Can you send me the example for one of your reconstructed items in the RSS feed?
Here is the link
I have read some more documentation and apparently, the best approach to add an image file to an item is to in fact use the image tag, not enclosure, plus with enclosure, to respect the specs, you're supposed to deliver also the lenght/size of things which is not necessary in the case of images, in short the image tag is simpler to use for item that you want to associate an image to and the enclosure is obviously the proper way to handle podcast/video/audio
check this out, I was talking to a contact about this issue for this particular RSS feed and he went on and added a new Config option for images, is this how you would play out this request?
https://github.com/garaytc/bsky.rss/commit/2a4e0cb4168a4dee9cf5077b8f274a82ffb45a99
edit confirmed to be working
had to fill the Config variable with media:content like my image element
Feature added to queue
branch with the use of imageField: ""
So this is working (and it works with anything (media:content
on my reconstructed RSS feed, or enclosure
from a vanilla RSS feed) BUT
But some reasons, I'm not seeing the pooling/queuing system at work, it fetched new items and posted them right away and so overflown the limit with this error :
bsky-rss-sciencesFR | (node:30) MaxListenersExceededWarning: Possible EventEmitter memory leak detected. 22 terminated listeners added to [Fetch]. Use emitter.setMaxListeners() to increase limit
bsky-rss-sciencesFR | (Use `node --trace-warnings ...` to show where the warning was created)

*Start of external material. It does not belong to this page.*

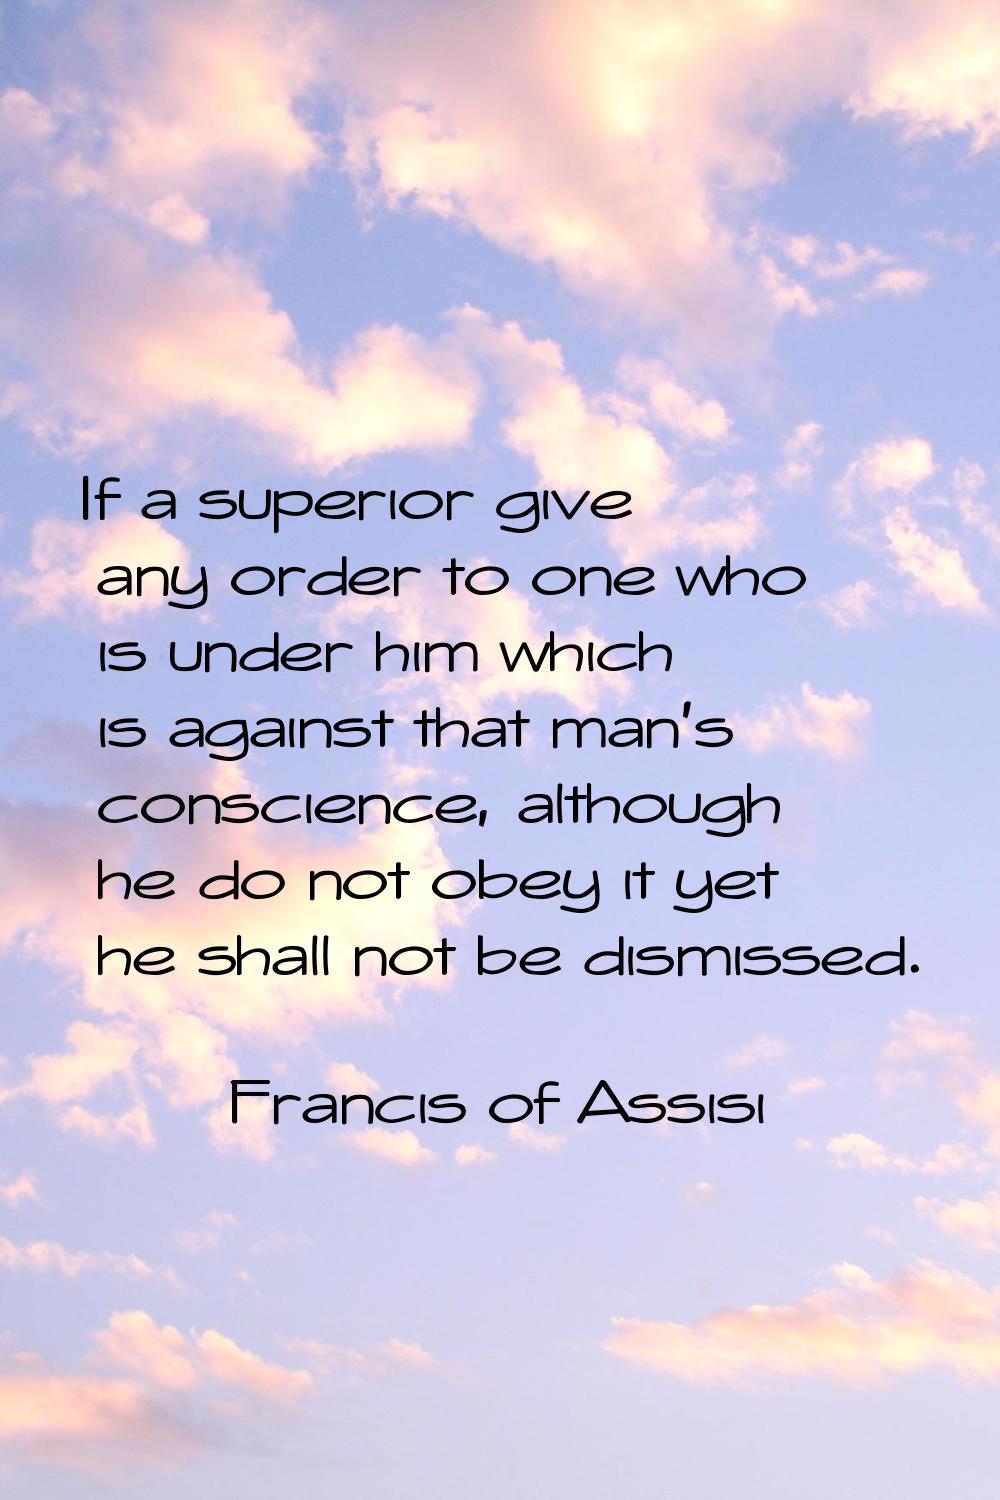 If a superior give any order to one who is under him which is against that man's conscience, althou

bsky-rss-sciencesFR | /build/node_modules/@atproto/xrpc/src/client.ts:126
bsky-rss-sciencesFR | throw new XRPCError(resCode, res.body.error, res.body.message)
bsky-rss-sciencesFR | ^
bsky-rss-sciencesFR | XRPCError: too many concurrent writes
bsky-rss-sciencesFR | at ServiceClient.call (/build/node_modules/@atproto/xrpc/src/client.ts:126:15)
bsky-rss-sciencesFR | at processTicksAndRejections (node:internal/process/task_queues:95:5)
bsky-rss-sciencesFR | at async PostRecord.create (/build/node_modules/@atproto/api/src/client/index.ts:1519:17) {
bsky-rss-sciencesFR | status: 400,
bsky-rss-sciencesFR | error: 'ConcurrentWrites',
bsky-rss-sciencesFR | success: false
bsky-rss-sciencesFR | }
bsky-rss-sciencesFR | error Command failed with exit code 1.
bsky-rss-sciencesFR | info Visit https://yarnpkg.com/en/docs/cli/run for documentation about this command.
Just found a case, with this RSS feed, that when using the imageField config, even tho the image is present in the feed, it does not get posted but also does not generate any error.
I used enclosure
as image field, the same way I used it with this feed which is working hust fine, both use the enclosure
tag for images
Oh and I double checked, when I use the current queue branch state to generate my local docker image, the queue system, is not working as it was, just before the merging of the ImageField feature.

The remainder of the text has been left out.